### Your goal
Write out every record below exactly as it appears, omitting the pictures.

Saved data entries
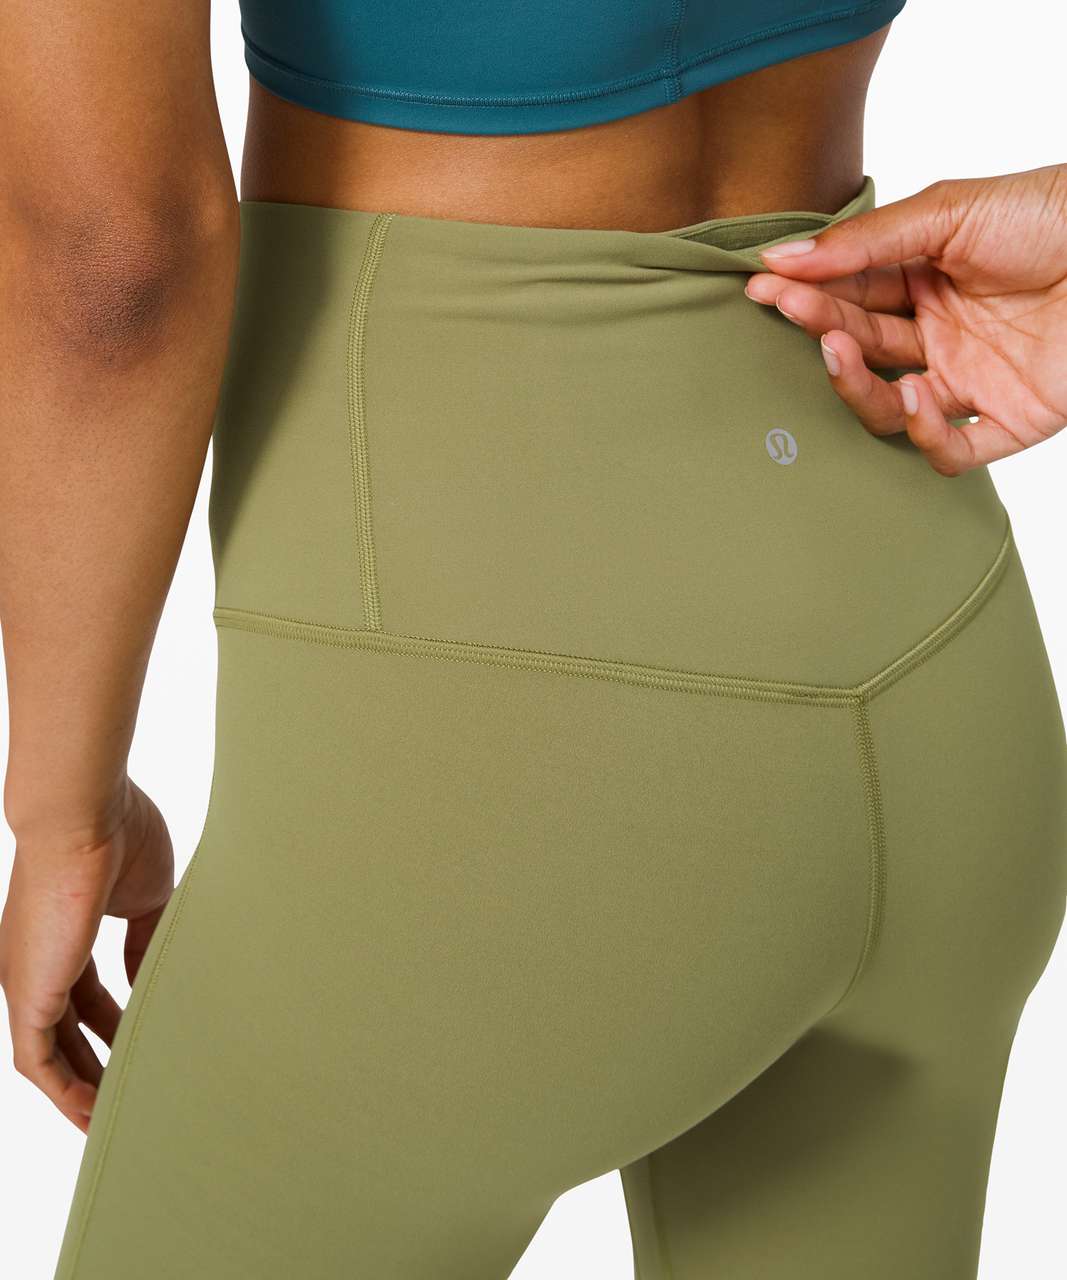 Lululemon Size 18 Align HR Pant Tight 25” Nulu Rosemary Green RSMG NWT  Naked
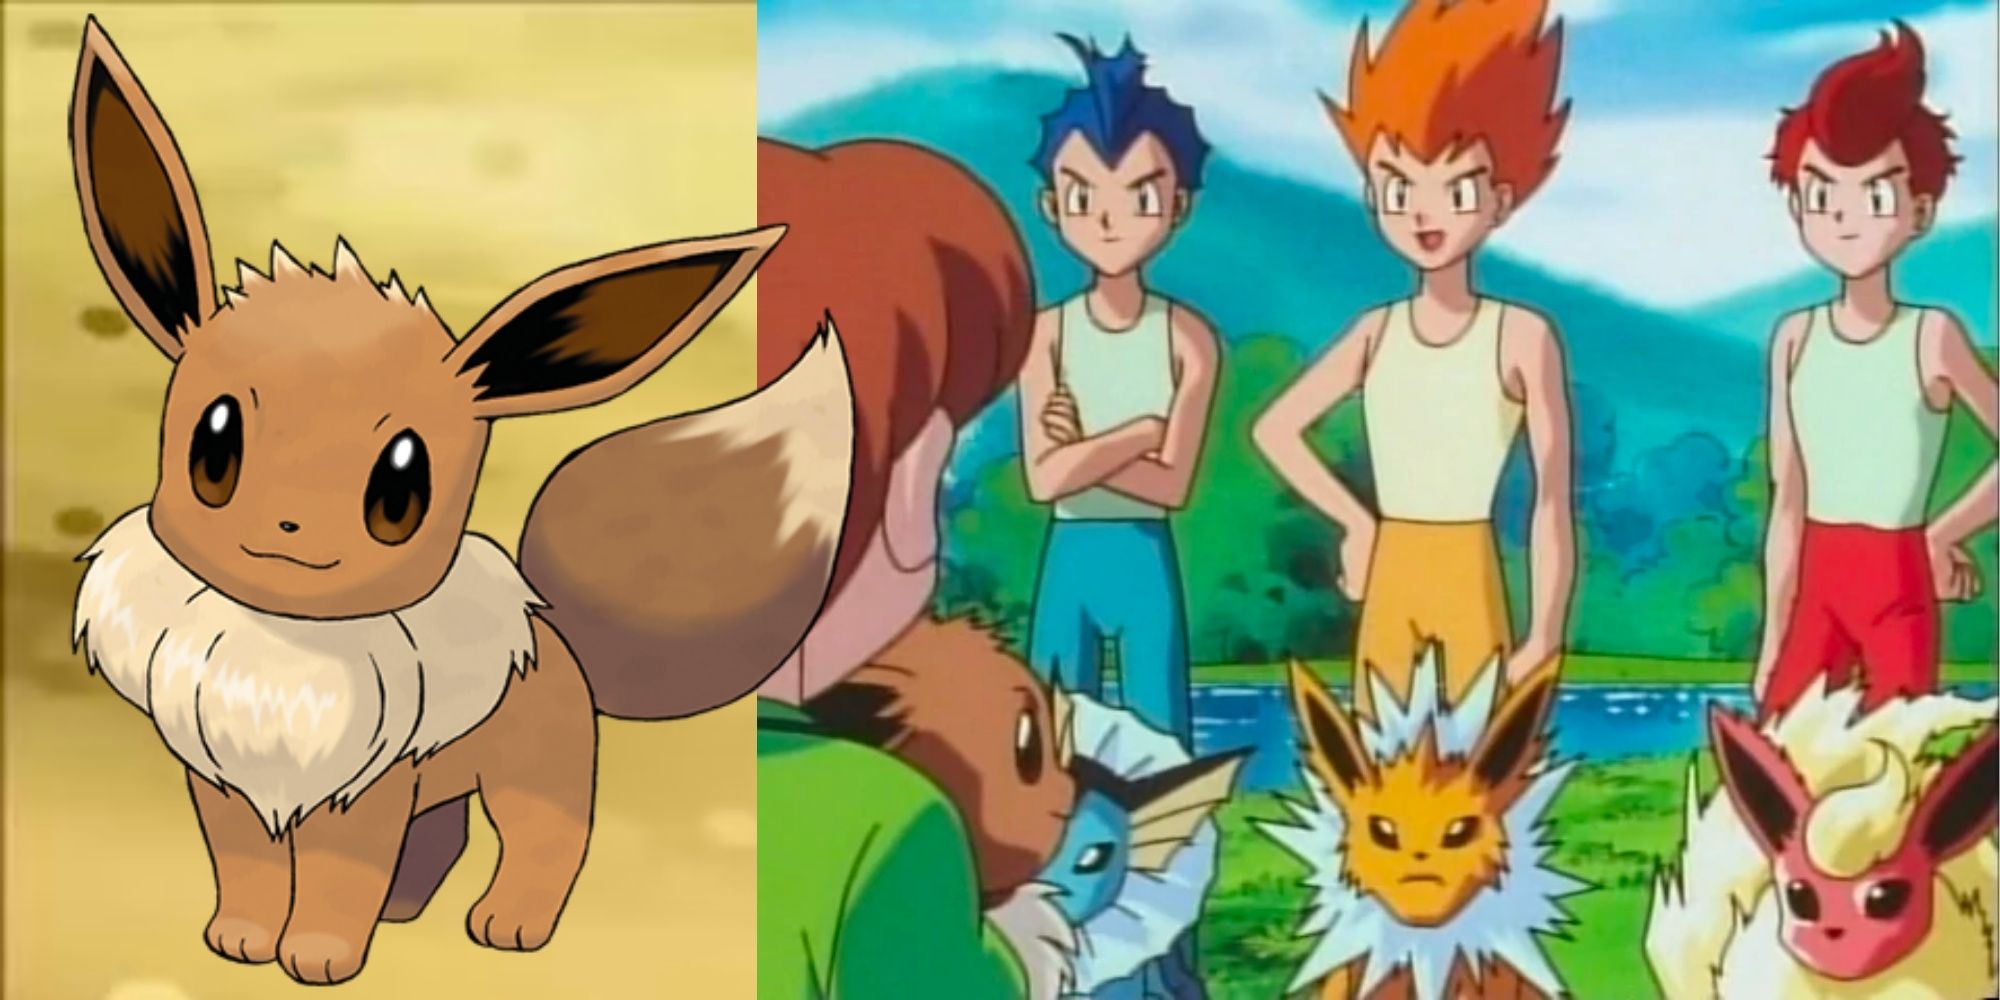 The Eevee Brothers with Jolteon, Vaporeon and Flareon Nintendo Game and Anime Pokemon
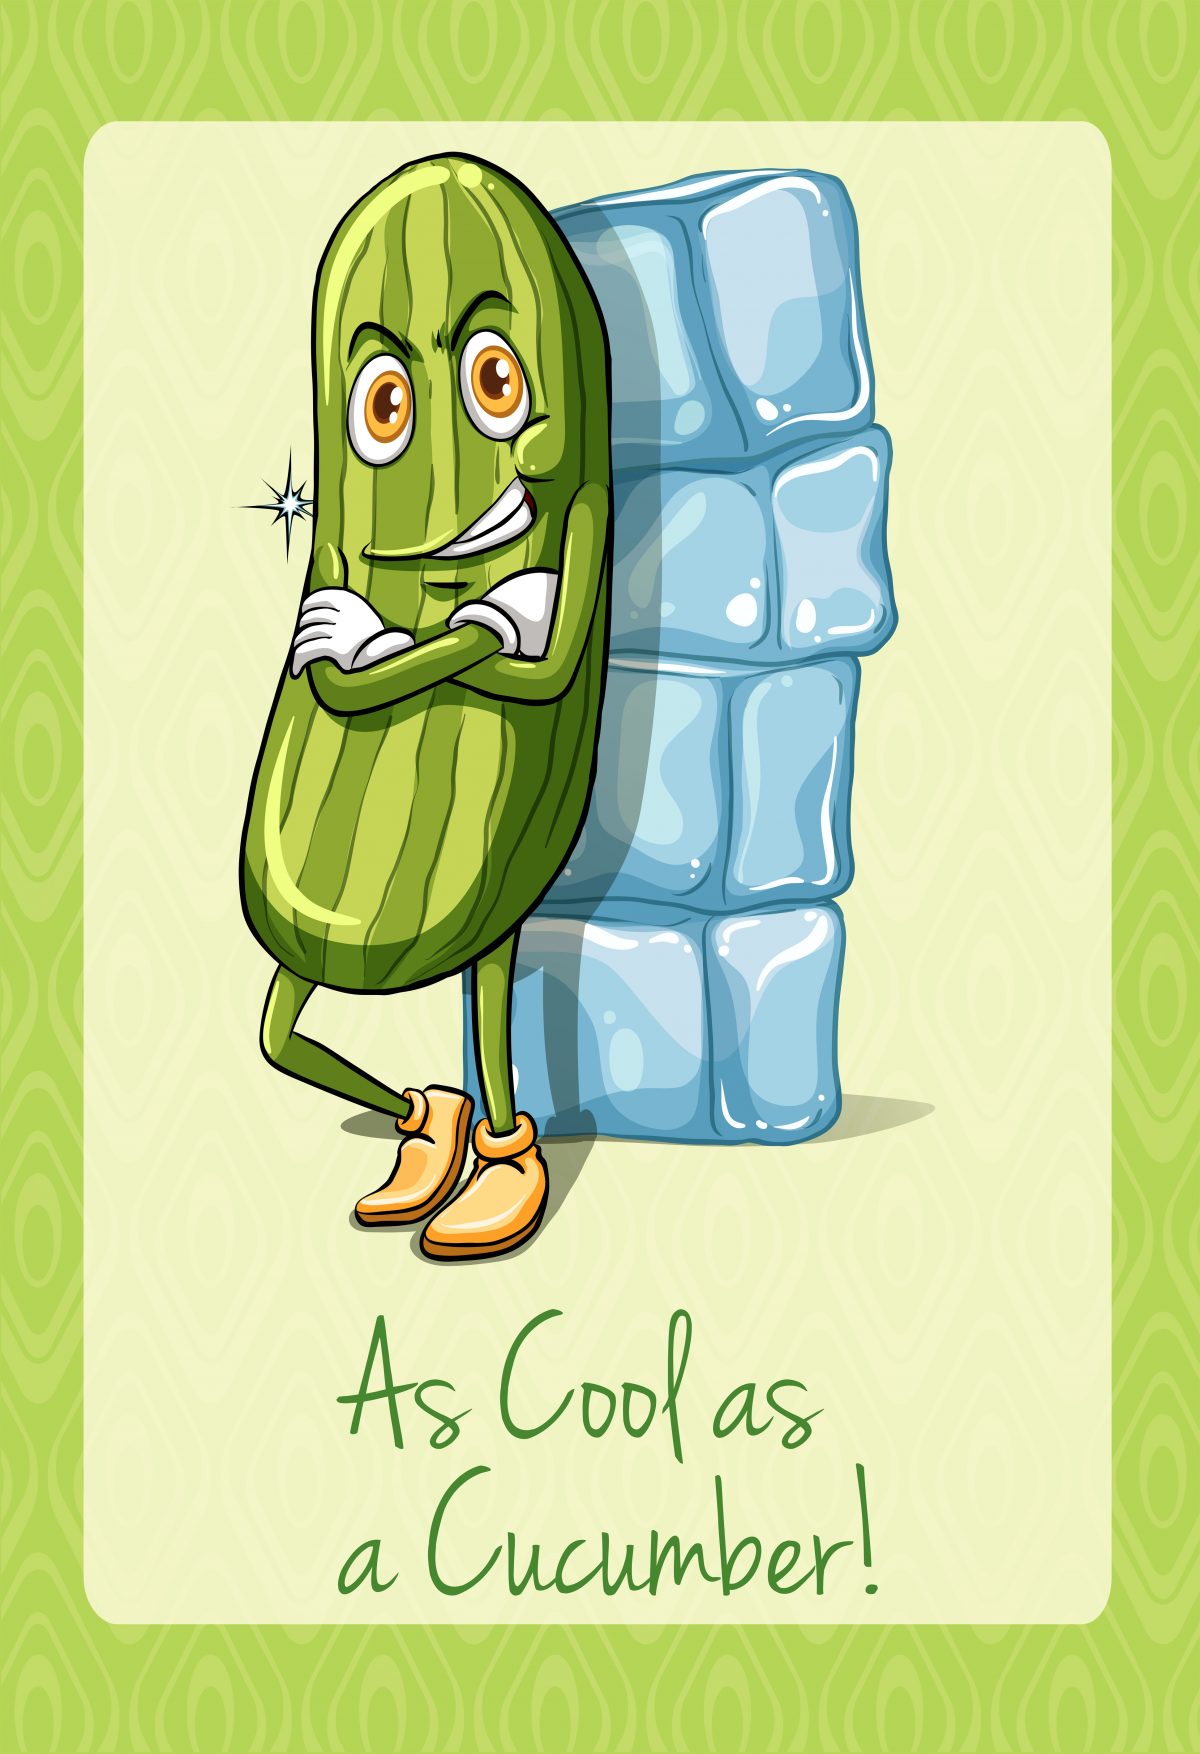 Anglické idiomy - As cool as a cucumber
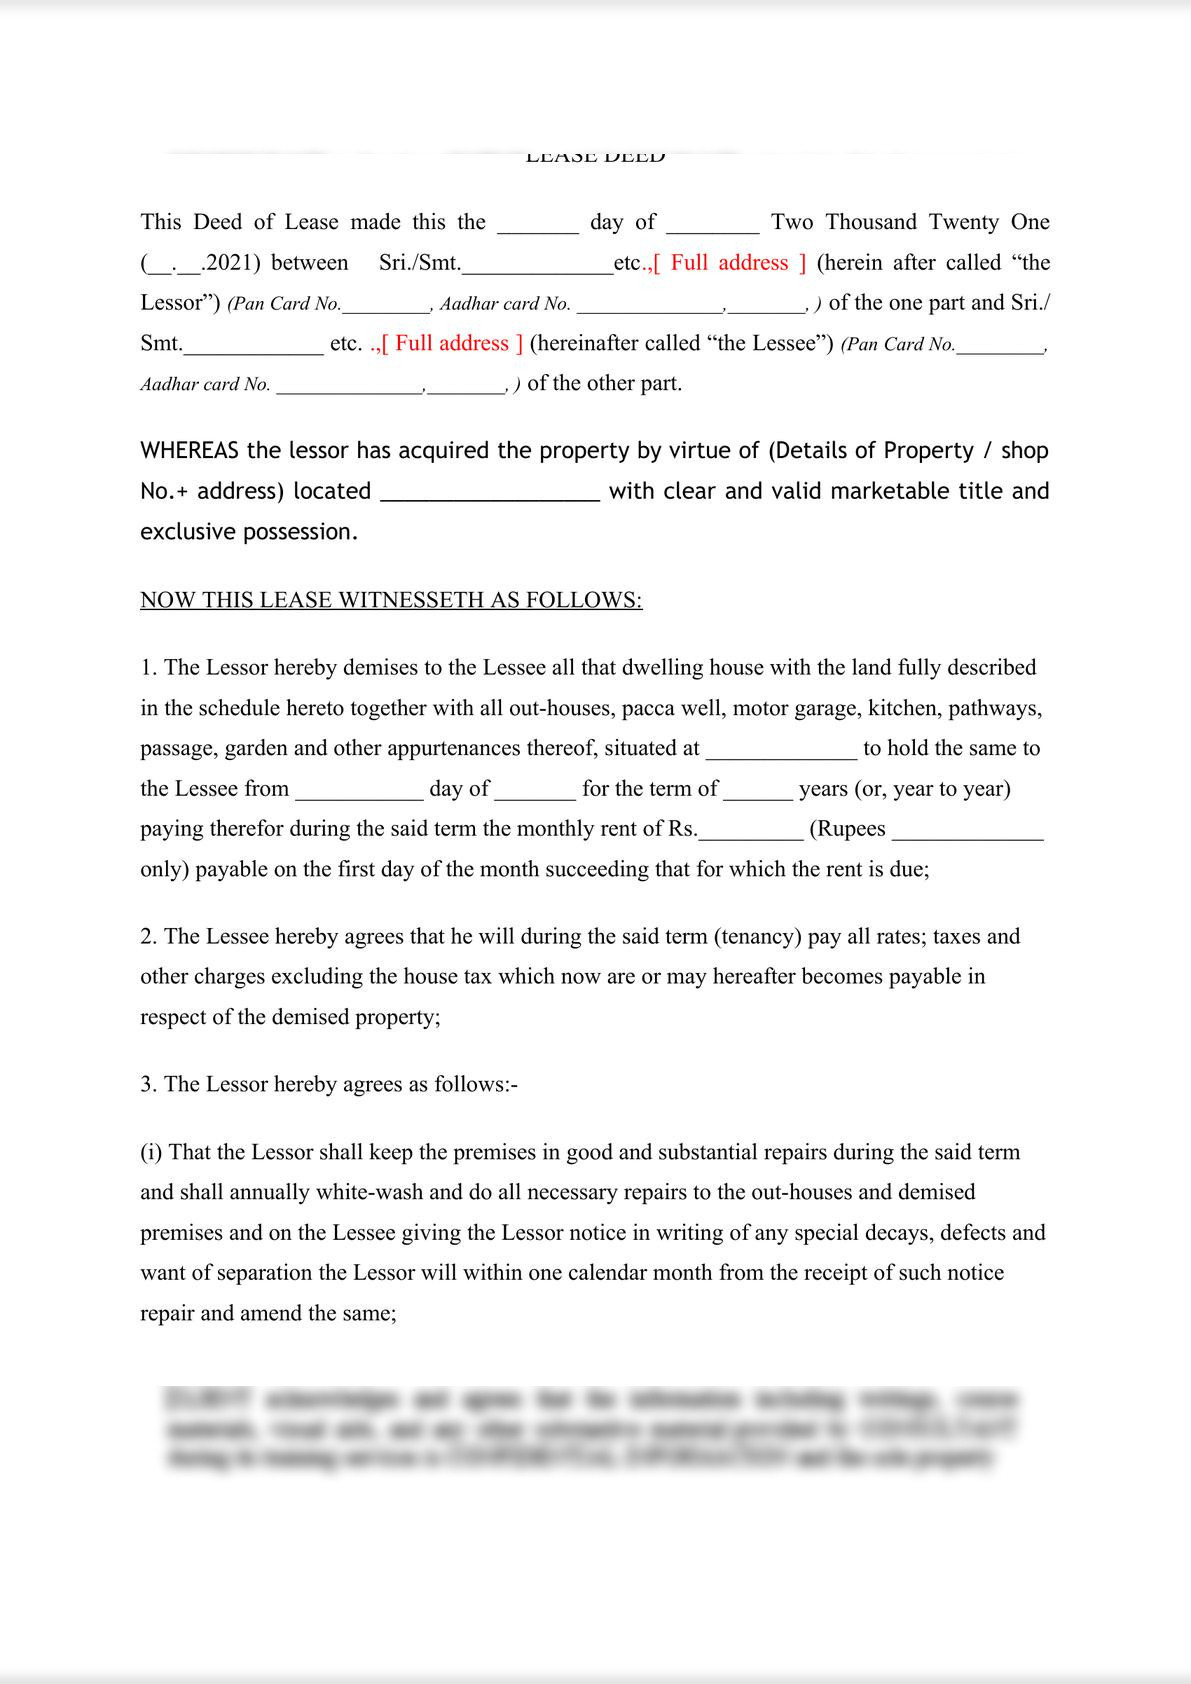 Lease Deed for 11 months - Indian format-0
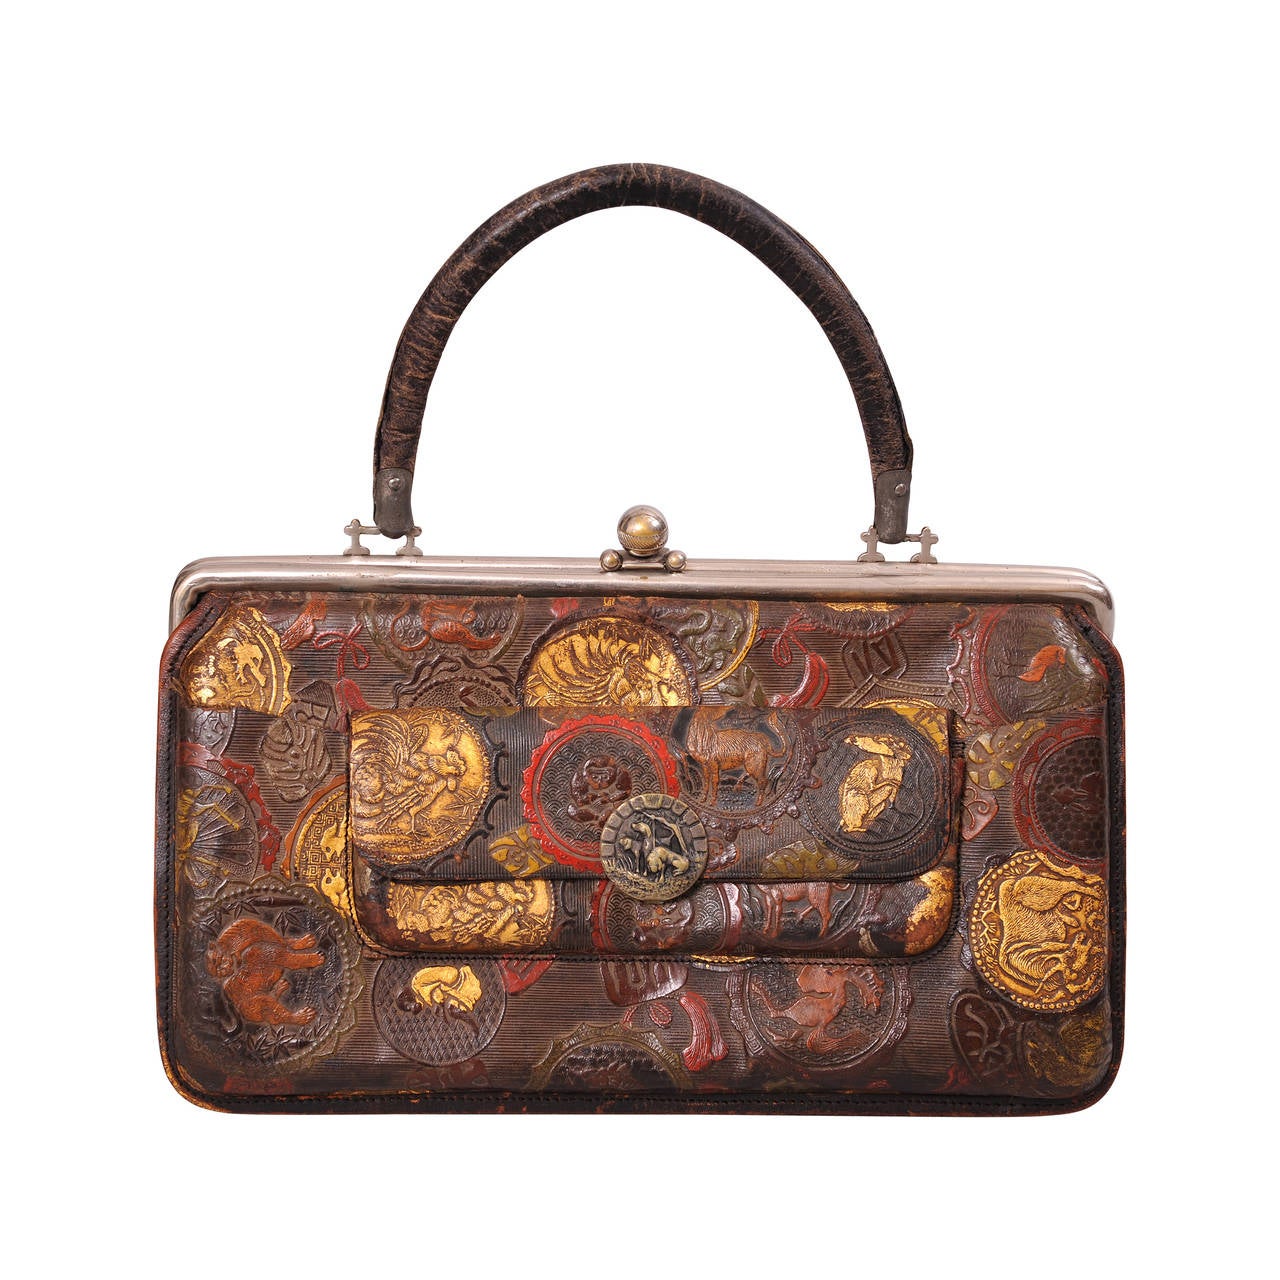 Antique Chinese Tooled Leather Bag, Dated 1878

### Exercise result
 Lululemon Size 18 Align HR Pant Tight 25” Nulu Rosemary Green RSMG NWT  Naked
 The Eevee Brothers with Jolteon, Vaporeon and Flareon Nintendo Game and Anime Pokemon
 Anglické idiomy - As cool as a cucumber
 Lease Deed for 11 months - Indian format-0
 Antique Chinese Tooled Leather Bag, Dated 1878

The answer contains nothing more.